Incremental compilers are interesting, because they show how simple things like a file can have an adverse effect on development time. For years, programmers have separated code into distinct files, compiling each file individually, then linking the code to form a single, unified binary. Because code in one file may affect code in several other files, whenever a file changes, no matter how small the modification, most compilers will recompile all of the files that depend on that file. In other words, if you have a million-line program, and you change a comment in one file, that file and every file that depends on it will be recompiled, unnecessarily wasting lots of valuable time.

Incremental compilers solve this problem by identifying dependencies at a more granular level, usually in a local database using its own proprietary format. Because of its importance and its complexity, incremental compilers have become a hot research area. However, this problem might not have existed in the first place if there had been a standard way of modularizing source code at a more granular level than files.

One proposed solution that several people have started to explore is to wrap XML tags around source code. If every logical block were encapsulated by XML, it would be possible to build more granular dependency trees for compilers to use. This way, if a comment were added to a file, for example, a compiler would be smart enough to know not to recompile anything.

This is essentially what current incremental compilers already do.
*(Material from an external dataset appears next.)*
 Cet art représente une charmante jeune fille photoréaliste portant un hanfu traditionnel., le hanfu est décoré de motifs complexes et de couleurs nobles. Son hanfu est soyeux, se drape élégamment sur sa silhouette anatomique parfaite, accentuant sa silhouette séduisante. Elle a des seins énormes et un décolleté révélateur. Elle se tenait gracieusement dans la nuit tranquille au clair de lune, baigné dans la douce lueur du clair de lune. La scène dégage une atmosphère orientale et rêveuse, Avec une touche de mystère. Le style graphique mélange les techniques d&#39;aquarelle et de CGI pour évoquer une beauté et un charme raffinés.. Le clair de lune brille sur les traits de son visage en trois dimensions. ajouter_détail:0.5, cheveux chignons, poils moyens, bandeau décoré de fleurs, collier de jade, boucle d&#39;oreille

However, embedding source code in XML has a number of other advantages, many of which have been noted by Eric Armstrong, an independent consultant who is working on one such project. One of its most important consequences would be the ability to link to and from source code using the XLink specification.

Cleanly annotating source code via linking would help solve one of the messy problems of software development: documenting code. There have been many improvements in this area over the years, but they have mostly been incremental. For instance, one of C++'s great innovations was the slash-slash comment, which allowed programmers to create single-line annotations easily, and which helped circumvent C's inability to nest comments.
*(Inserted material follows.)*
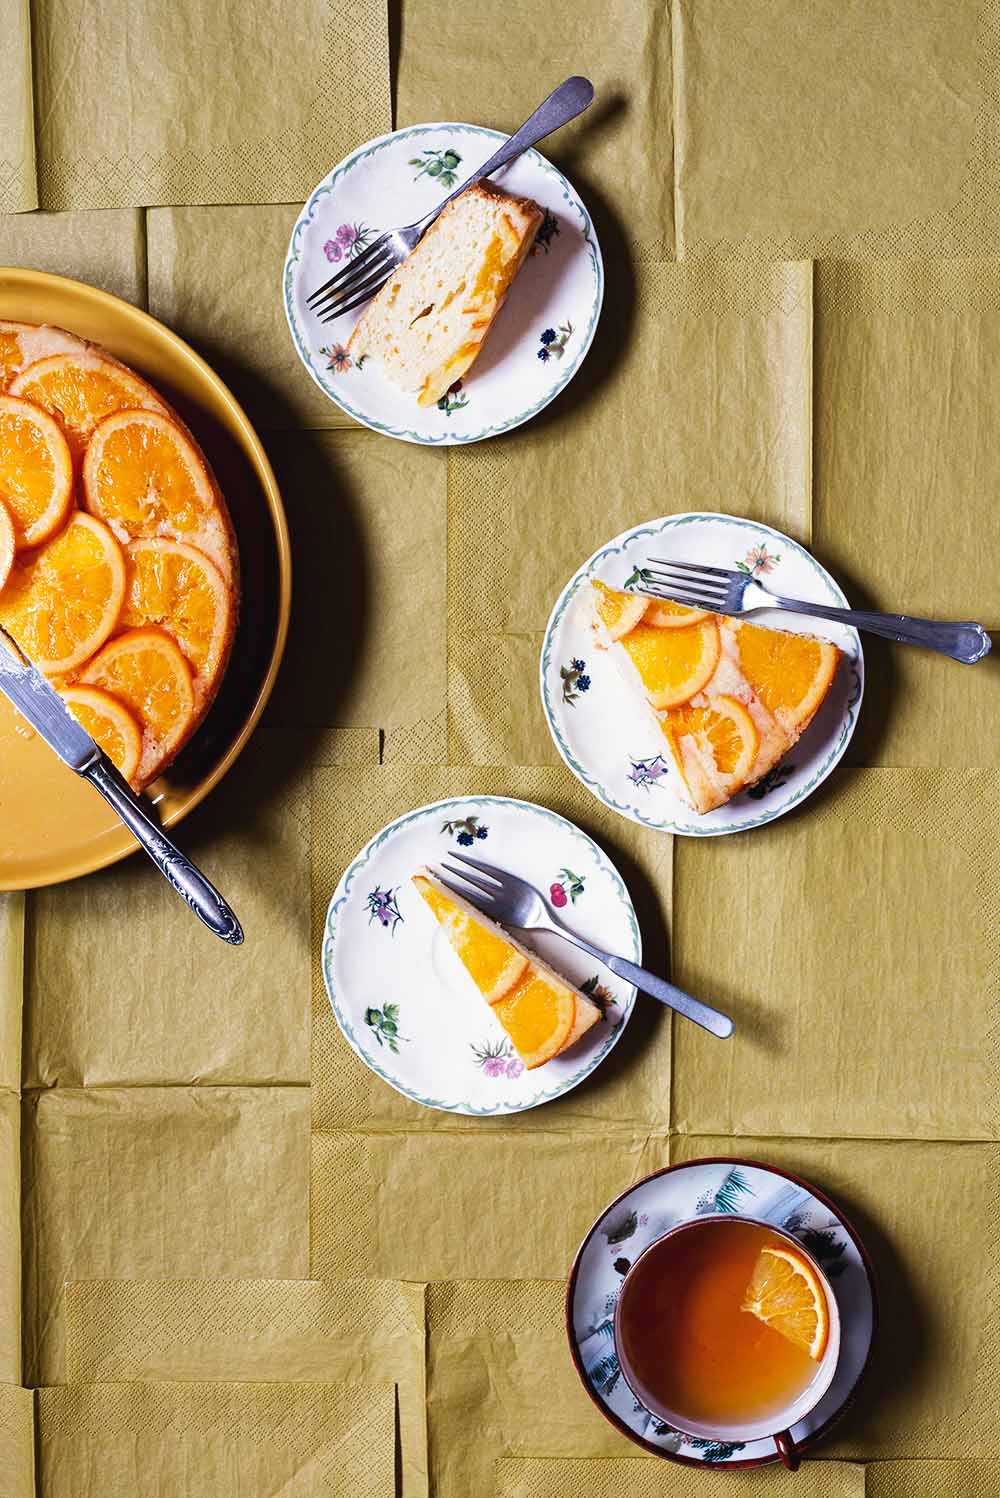 En un mantel de color caqui está la tarta de naranja invertida ya cortada. En dos platos pequeños hay dos raciones de tarta. En cada plato hay un tenedor. En el mantel también se ve una taza de té.

Despite such improvements, comments are a relatively poor method for documenting software. One of their biggest problems is that they clutter source code, making it hard to read. Languages such as Java and Perl encourage embedding full documentation within source code, which can later be extracted using the appropriate tools. In theory, this is nice because it encourages programmers to write documentation and code at the same time using the same tool. In reality, the resulting clutter makes editing and viewing source code far more difficult.

Code generation tools, such as UML tools, cause similar problems because they maintain synchronization information between diagrams and source code using comments. These comments, which are often cryptic and poorly formatted, only serve to confuse people who are reading the raw source code. As a result, many developers choose to avoid the code-generation features of these tools altogether.
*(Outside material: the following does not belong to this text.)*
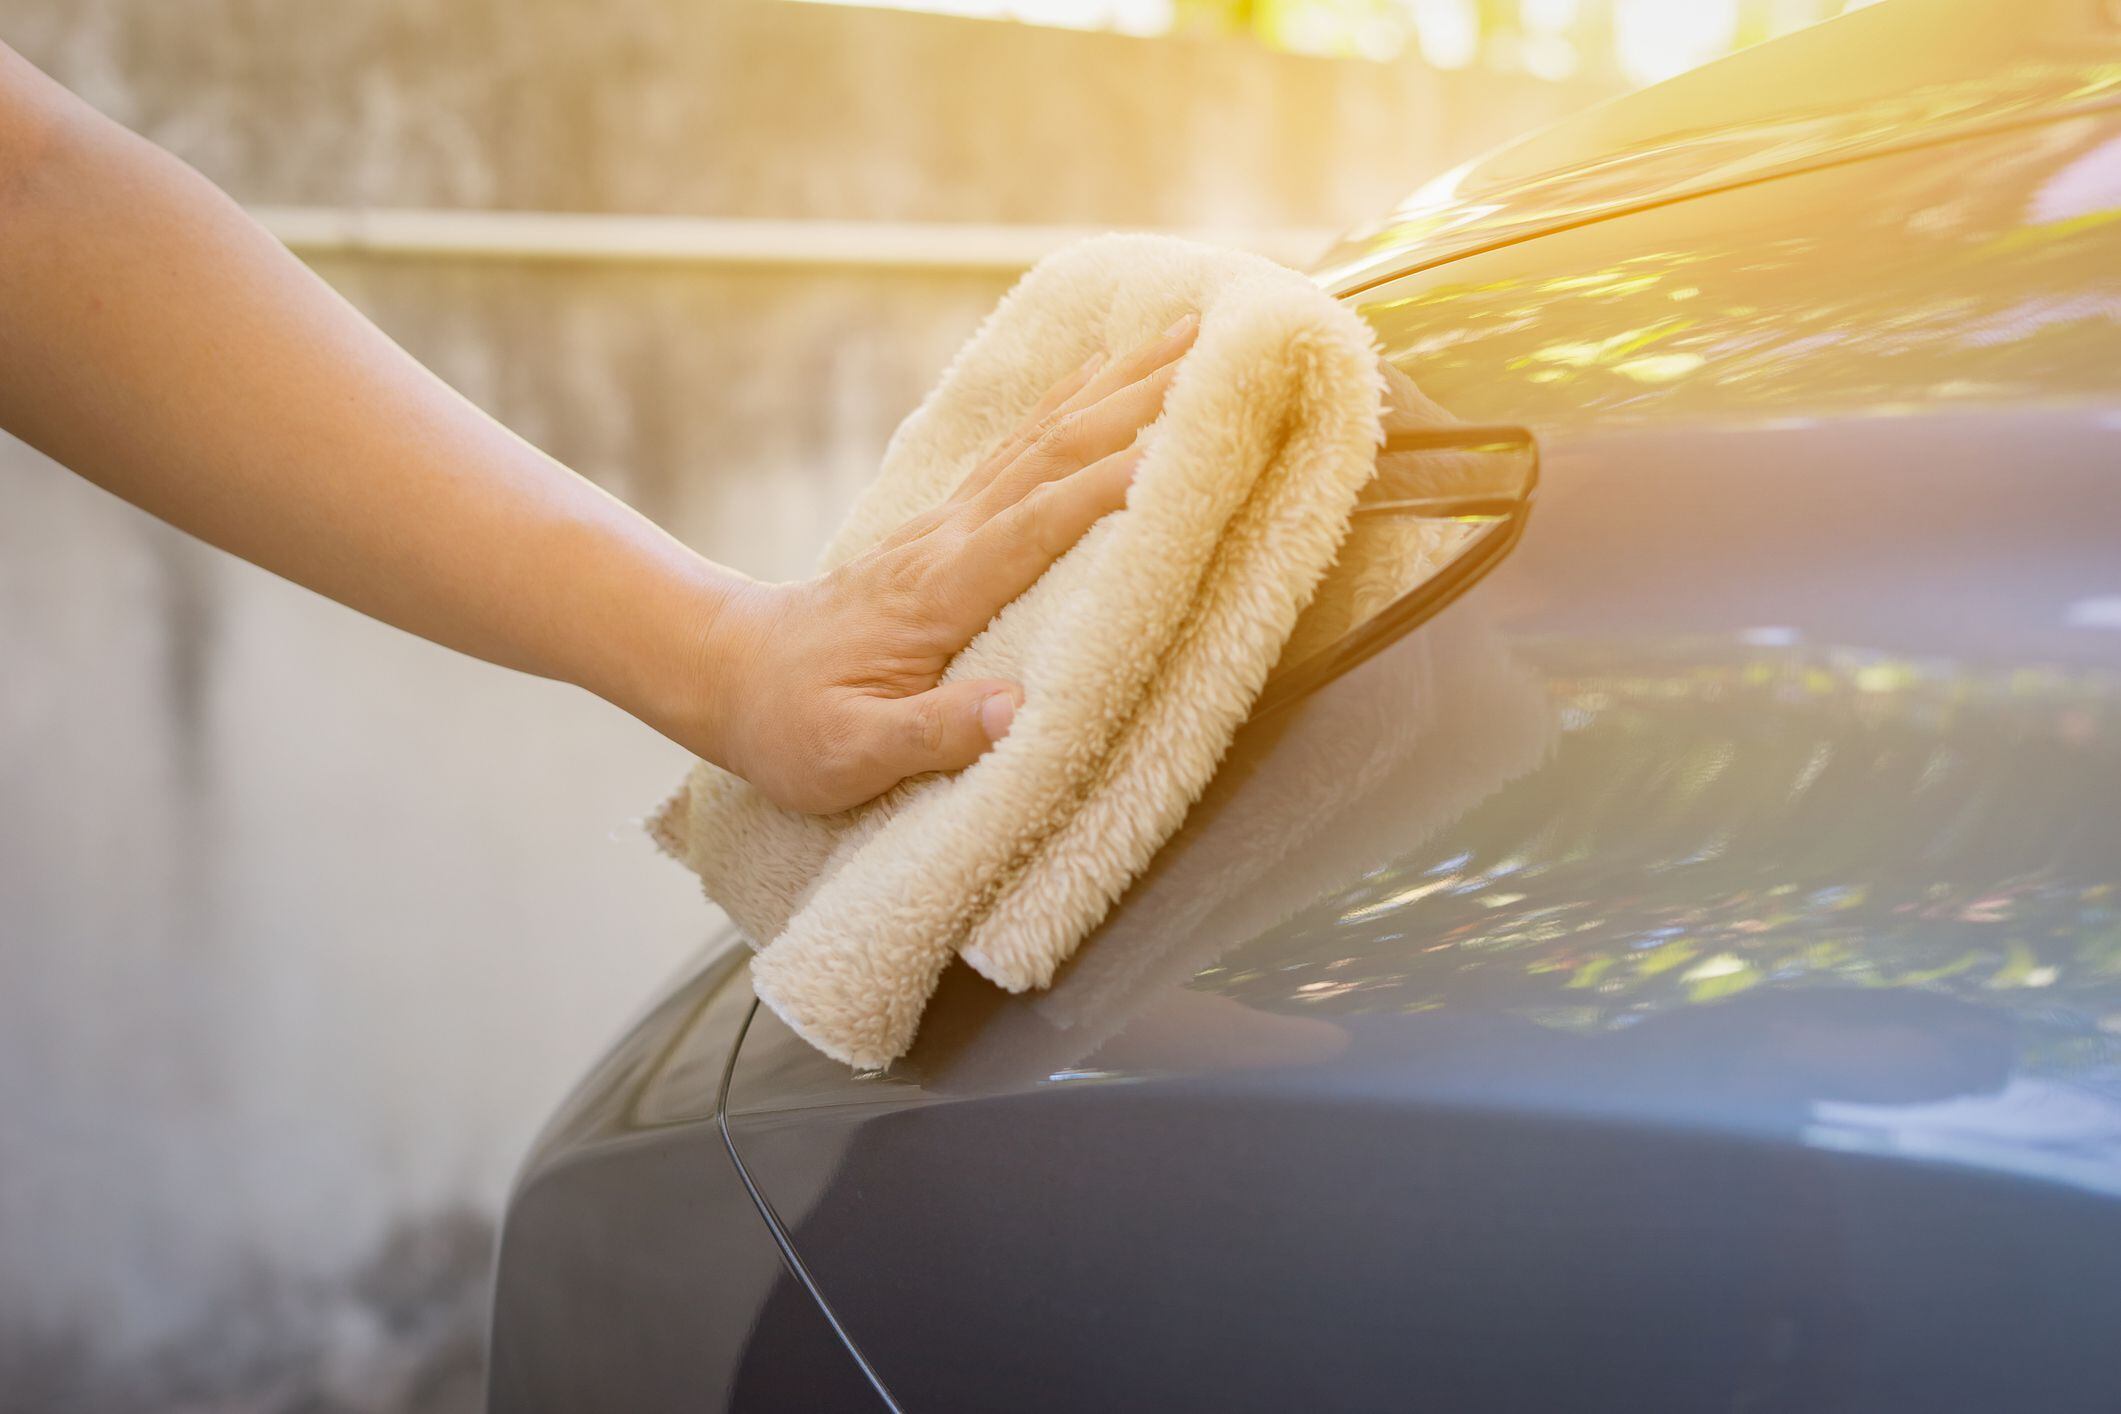 efectivos trucos caseros para limpiar el carro y que luzca como nuevo

Embedding source code in XML would allow programmers to keep source code and documentation physically separate while maintaining the association using links. For this approach to be successful, however, source-code editors and viewers that handle XML encapsulation transparently are absolutely vital. This seems to be a reasonable expectation. For a long time now, people have been using word processors rather than text editors for writing documents. Programmers should have similar tools that transparently provide the features enabled by a richer, standard file format.

Programming Practices

In a recent Dr. Dobb's Journal article ("Open Source Meets Big Iron," June 2000), Pete Beckman and Greg Wilson noted that, despite all of the studies that show how good programming practices improve programmers' productivity, "most programmers still start coding without a design, then go on to short-change testing and set wildly unrealistic delivery schedules."

To some extent, better tools will encourage programmers to adopt better practices. In the early 1980s, Donald Knuth observed that the programs he had written for his many books tended to have very few errors, because he had thought them through very carefully. This observation motivated Knuth to codify this design and coding process into the literate programming methodology, and he developed a system called "WEB" to encourage the development of literate programs.

On the flip side, tools sometimes discourage good practices. In the 1960s, some people argued that batch-processing computers were better for productivity than time-shared computers because they forced programmers to think carefully about their design before they wrote actual code. Interactive computers with source-code editors allowed programmers to write code faster, but the quality of the resulting code was worse.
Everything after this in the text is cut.